Hi,
Yeah, the dataset script in that repo is slightly out of date, and they are quite large files, I am working on the local copy now when I was finding out this issue. For example, I was using a fixed version of that script to push this small dataset example openclimatefix/gfs-surface-pressure-0.5deg · Datasets at Hugging Face which is where I saw all the NaN values.
I just reran the script below today, and yeah, it doesn’t seem to give any errors now. It definetly did before when I was trying it out, but I guess it fixed itself? Thanks for trying it out!
I have modified that dataset script locally to make a few different changes and more natively support different resolution of NWP grid outputs, here is what I was using that showed the issue, with just a single Zarr file for this. This script checks the majority of the fields for NaNs when creating examples and outputs them to the command line as it goes, but yeah, today it works apparently.

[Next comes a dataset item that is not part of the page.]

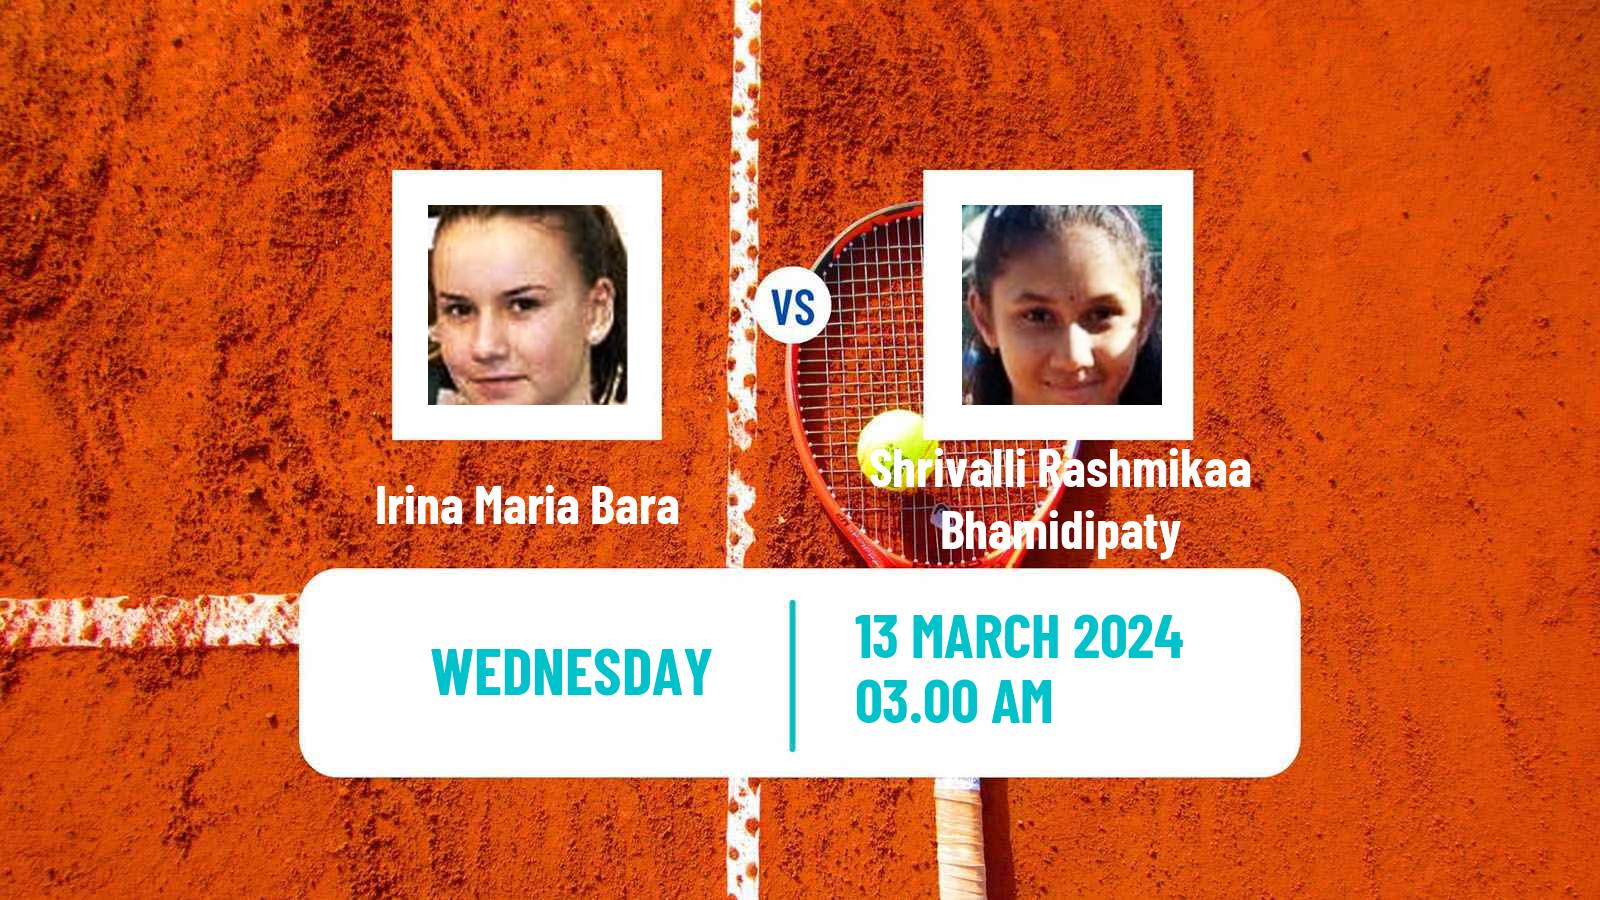 Tennis ITF W35 Indore Women Irina Maria Bara - Shrivalli Rashmikaa Bhamidipaty
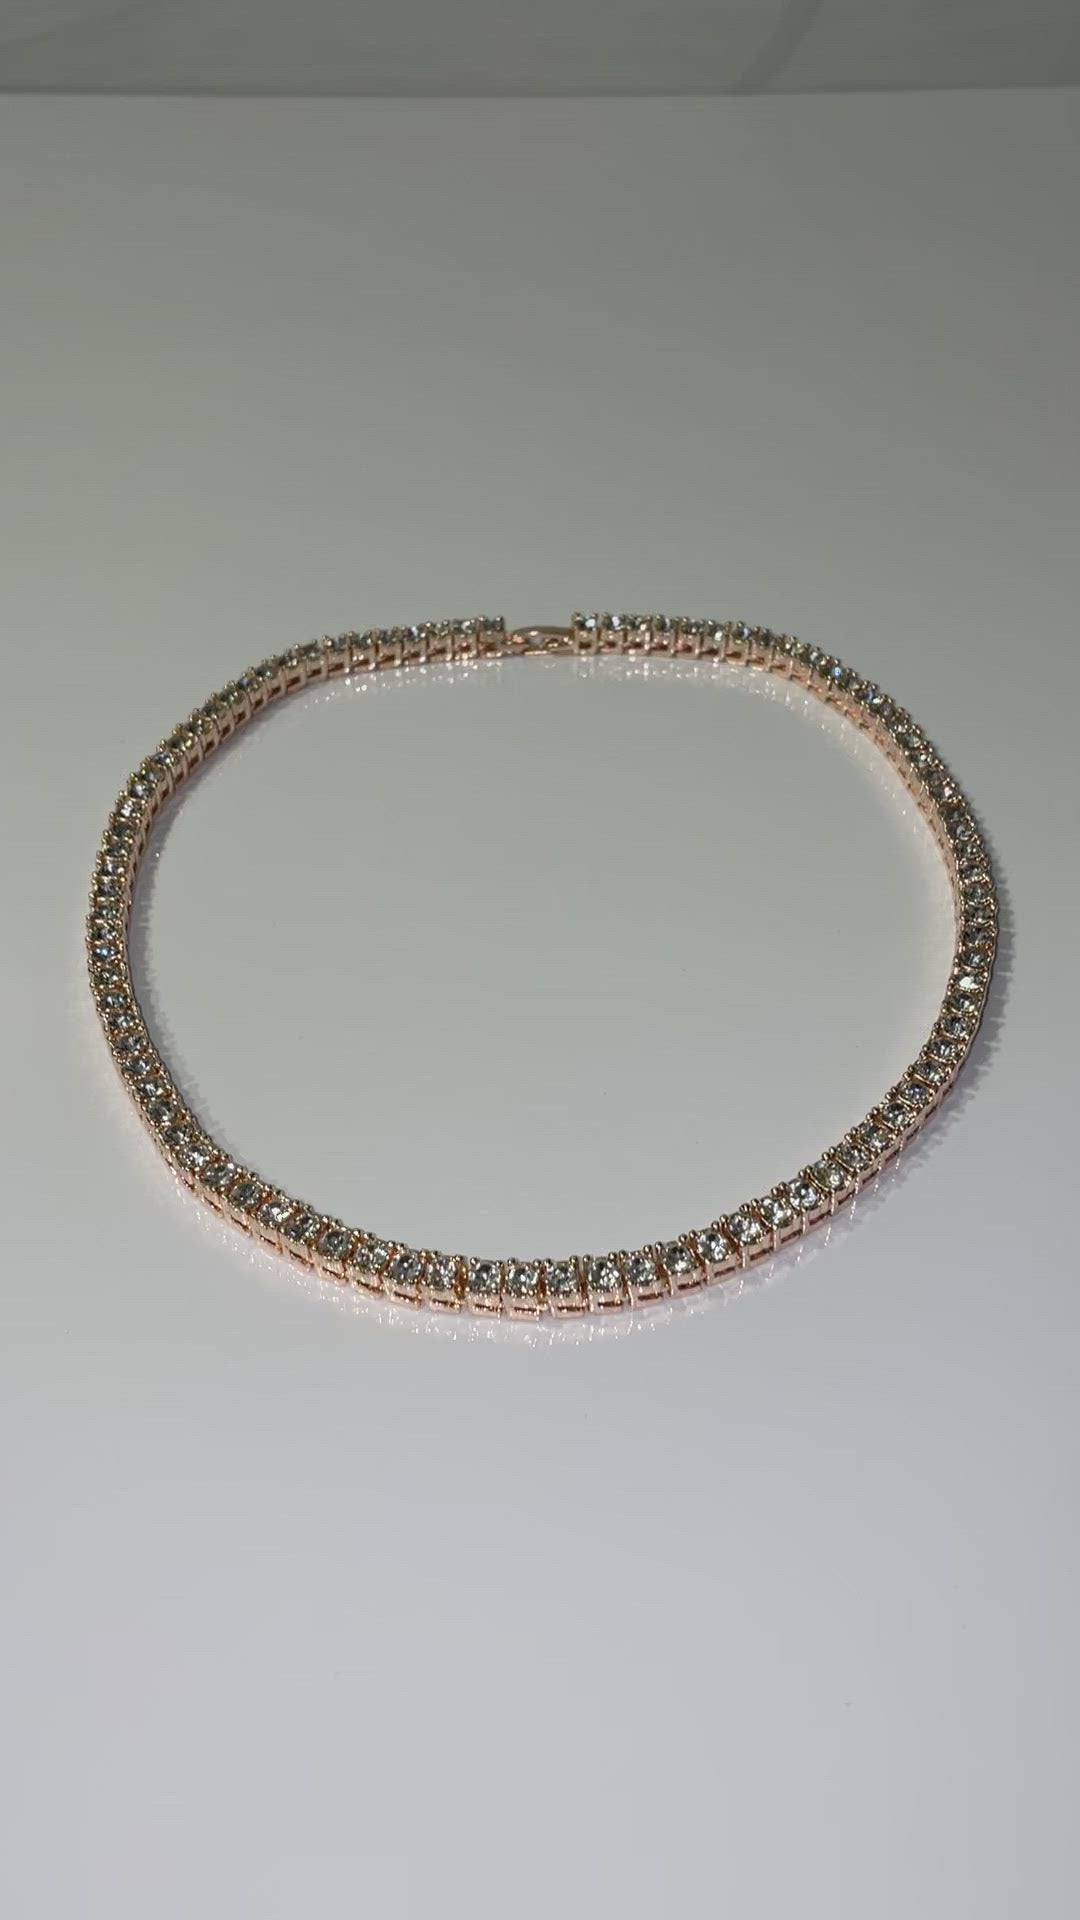 rhinestone rose gold tennis necklace

"""Archival NOAA NWP forecasting data covering most of 2016-2022. """
import numpy as np
import xarray as xr
import json
import datasets
from datasets import Array3D, Sequence, Value, Array2D
# Find for instance the citation on arxiv or on the dataset repo/website
_CITATION = """\
@InProceedings{ocf:gfs,
title = {GFS Forecast Dataset},
author={Jacob Bieker},
year={2022}
}
"""
# You can copy an official description
_DESCRIPTION = """\
This dataset consists of various NOAA datasets related to operational forecasts, including FNL Analysis files,
GFS operational forecasts, and the raw observations used to initialize the grid.
"""
_HOMEPAGE = "https://mtarchive.geol.iastate.edu/"
_LICENSE = "US Government data, Open license, no restrictions"
# The HuggingFace Datasets library doesn't host the datasets but only points to the original files.
# This can be an arbitrary nested dict/list of URLs (see below in `_split_generators` method)
_URLS = {
"gfs_v16_2deg": ['data/forecasts/GFSv16/2022/02/2022021412.zarr.zip'],
"raw": "raw.json",
"analysis": "analysis.json",
}
import urllib.request
class GraphWeather(datasets.GeneratorBasedBuilder):
"""Archival MRMS Precipitation Rate Radar data for the continental US, covering most of 2016-2022."""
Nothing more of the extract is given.